Environment Spec Details. An environment spec defines an environment population model as a range of possible values for the following parameters: (i) number: number of interacting signal pairs; (ii) width: total number of spectral bands spanned by the pairs; (iii) period: period of the signal pair interaction; (iv) duty cycle: duration of one signal over the other during an interaction cycle; (v) frequency: the frequency of the lowest of the signal pair; (vi) start: timestep when signal pair appears in spectrum. Table 1 lists some of the environment specs used in our experiments.

3.2 DAN framework

Deep Anticipatory Networks (DANs) (Satsangi et al., 2020) were developed for information-gathering tasks under partial observability e.g., tracking people using cameras. A DAN makes control decisions that maximize the information gathered (minimize the uncertainty) about a target variable of interest $y$ that cannot be fully-observed. The key point is that, for this type of task, DAN avoids complex belief state updating and instead uses state prediction rewards to guide the agent behavior.¹¹1This has been demonstrated in Satsangi et al. (2020) to be equivalent in effect to belief updating. DAN uses two neural networks to train a policy, as shown in Fig. 2. The first, $\bm{Q}$ , takes the history of previous actions and observations, $h_{t}$ , and produces $Q$ -values for the different actions. A second network, $\bm{M}$ , takes the history $h_{t}$ plus the last action and observation to predict $\hat{y}$ , i.e., an estimate of target variable $y$ . $M$ is trained in a supervised manner with ground truth data, i.e., using the actual target values $y$ . $Q$ is a standard value function network trained using RL but here it is rewarded when $M$ ’s predictions are accurate, i.e., when $\hat{y}$ is similar to $y$ . $Q$ is trained to maximize cumulative discounted reward, $\sum_{t}{r_{t}\gamma^{t}}$ . The $Q$ and $M$ networks are trained simultaneously and, after training, only $Q$ is used for autonomous control for information gain. In all of our DAN variants, $M$ is trained using weighted binary cross entropy (WBCE) as a loss, weighted to emphasize our metrics; see the discussion on rewards and metrics in Sec. 3.2.2.

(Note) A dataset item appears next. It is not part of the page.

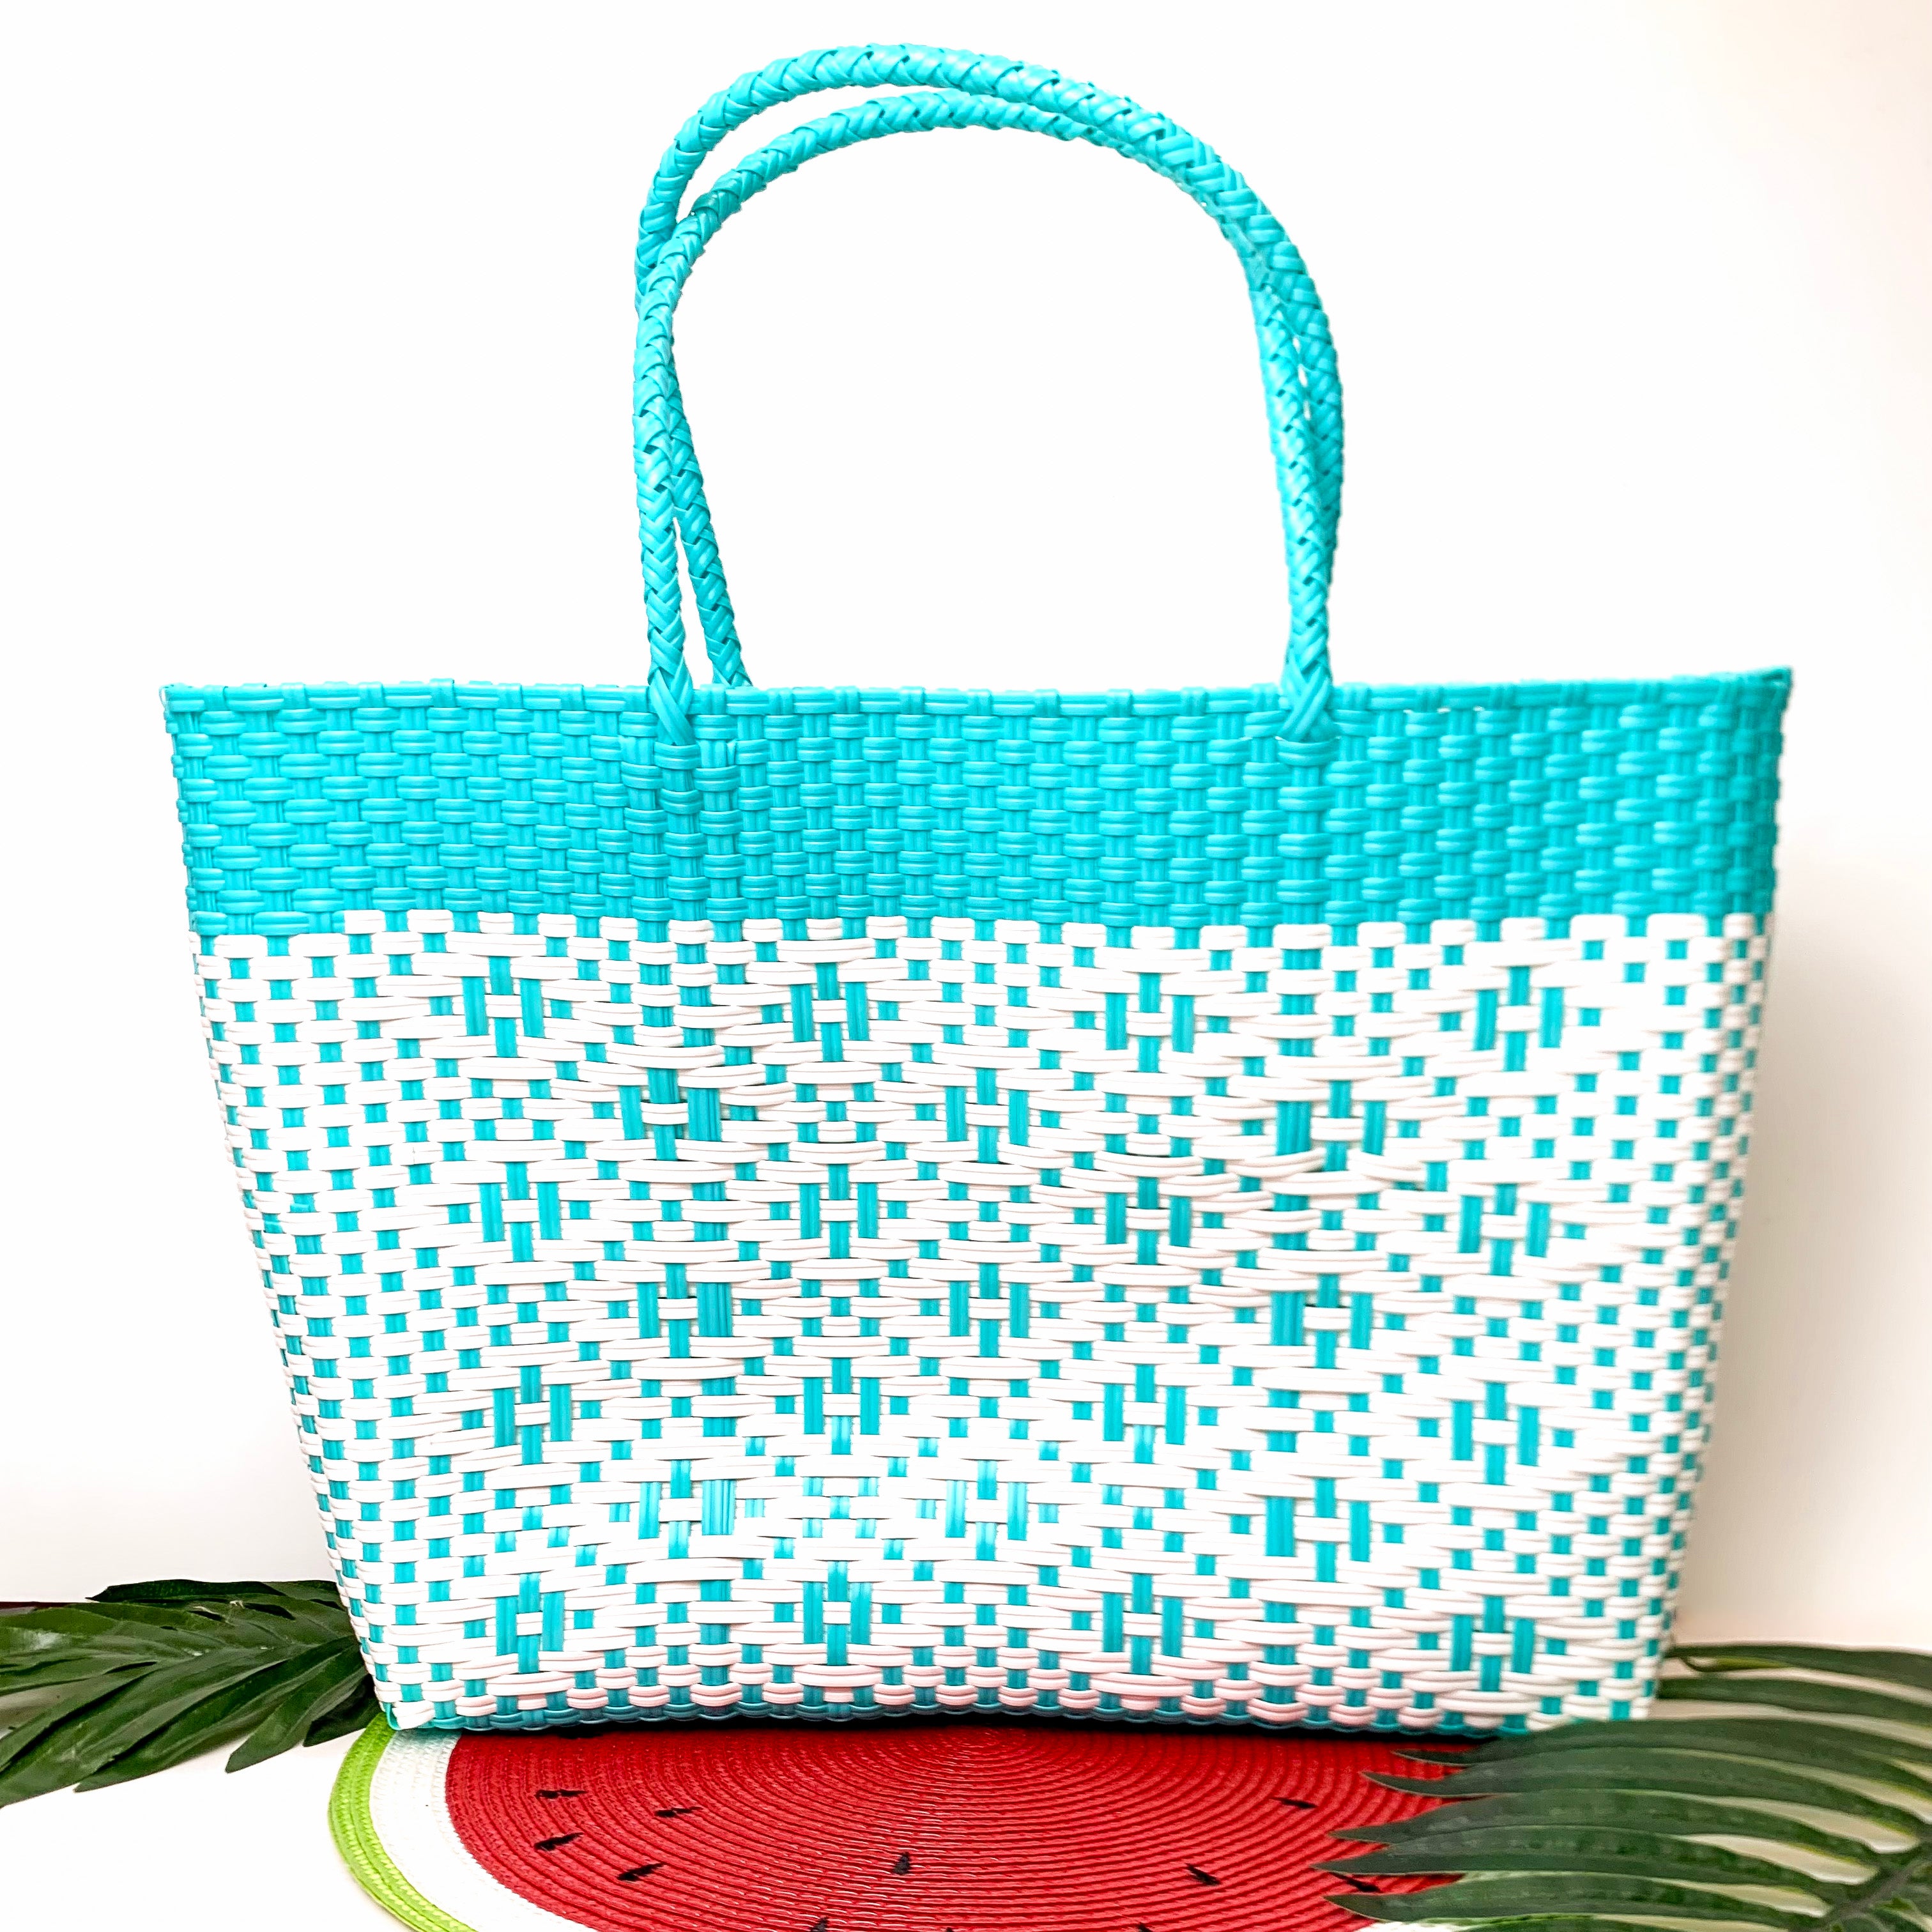 Sonoran Sky Market Tote Bag in Turquoise Blue and White

3.2.1 ConvLSTM, Predictive and InfoMax DAN Architectures

The problem of RF spectrum monitoring presents several challenges, including: being able to scale to large discrete frequency and time domains, identifying repeating signal patterns in frequency-time space and coping with non-stationary nature of the environment. The original DAN does not address these challenges; we propose various architectural and reward modifications to address them.

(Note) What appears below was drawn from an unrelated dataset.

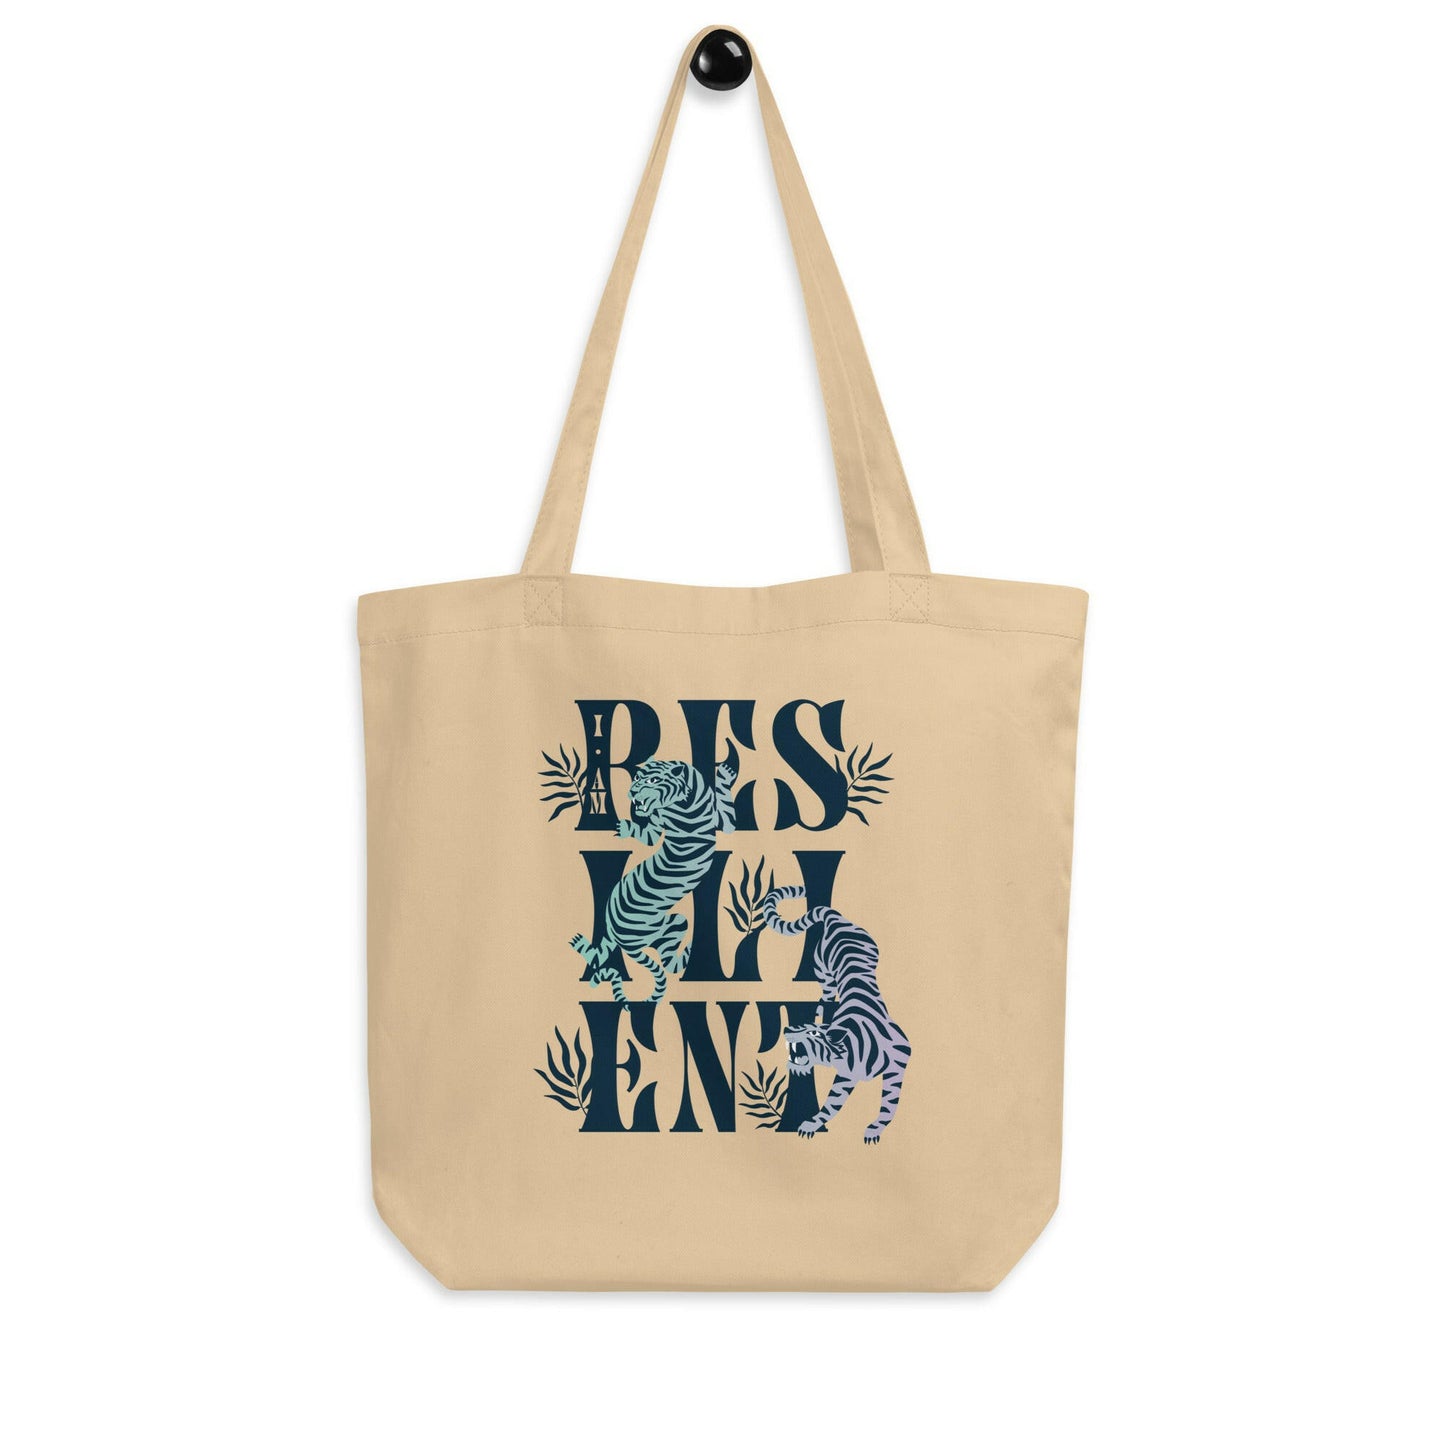 I Am Resilient | Eco Tote Bag.

ConvLSTM-DAN. The baseline DAN uses fully connected/dense layers for both $Q$ and $M$ networks with Rectified Linear Unit (ReLU) activation, which doesn’t scale well and makes learning of frequency-invariant activity patterns difficult. We address the scalability of the problem space by using convolutional layers (convolution in frequency). We also introduce hybrid convolutional-LSTM (Long Short Term Memory) / ConvLSTM layers (Xingjian et al., 2015), which combine convolution in frequency dimension and recurrence/memory in time dimension for learning translation-invariant frequency-time activity patterns. This architecture is shown in Fig. 3. For ConvLSTM training, we use a reward that is a function of the intersection over union (IoU) of the predicted output from $M$ and the ground truth; see the discussion on rewards and metrics in Sec. 3.2.2. As the input to both $Q$ and $M$ networks are similar, and action selection and state prediction are related tasks, the layers used to compute features can be shared to reduce the training space. We call this enhanced framework ConvLSTM-DAN, which has two outputs, one for $Q$ and the other for $M$ . (All of our DAN variants discussed in this paper use a shared architecture.) After studying the effect of different well-known DQN/RL enhancements, we found that Dueling DQN (Wang et al., 2016) improved results across the board. Therefore, our standard ConvLSTM-DAN framework incorporates it (not shown in Fig. 3): for $Q$ , the output of the last convolutional layer is split into two streams—Value and Advantage—which are then combined to give the $Q$ output. Double DQN (van Hasselt et al., 2015) was not considered as useful and was not incorporated.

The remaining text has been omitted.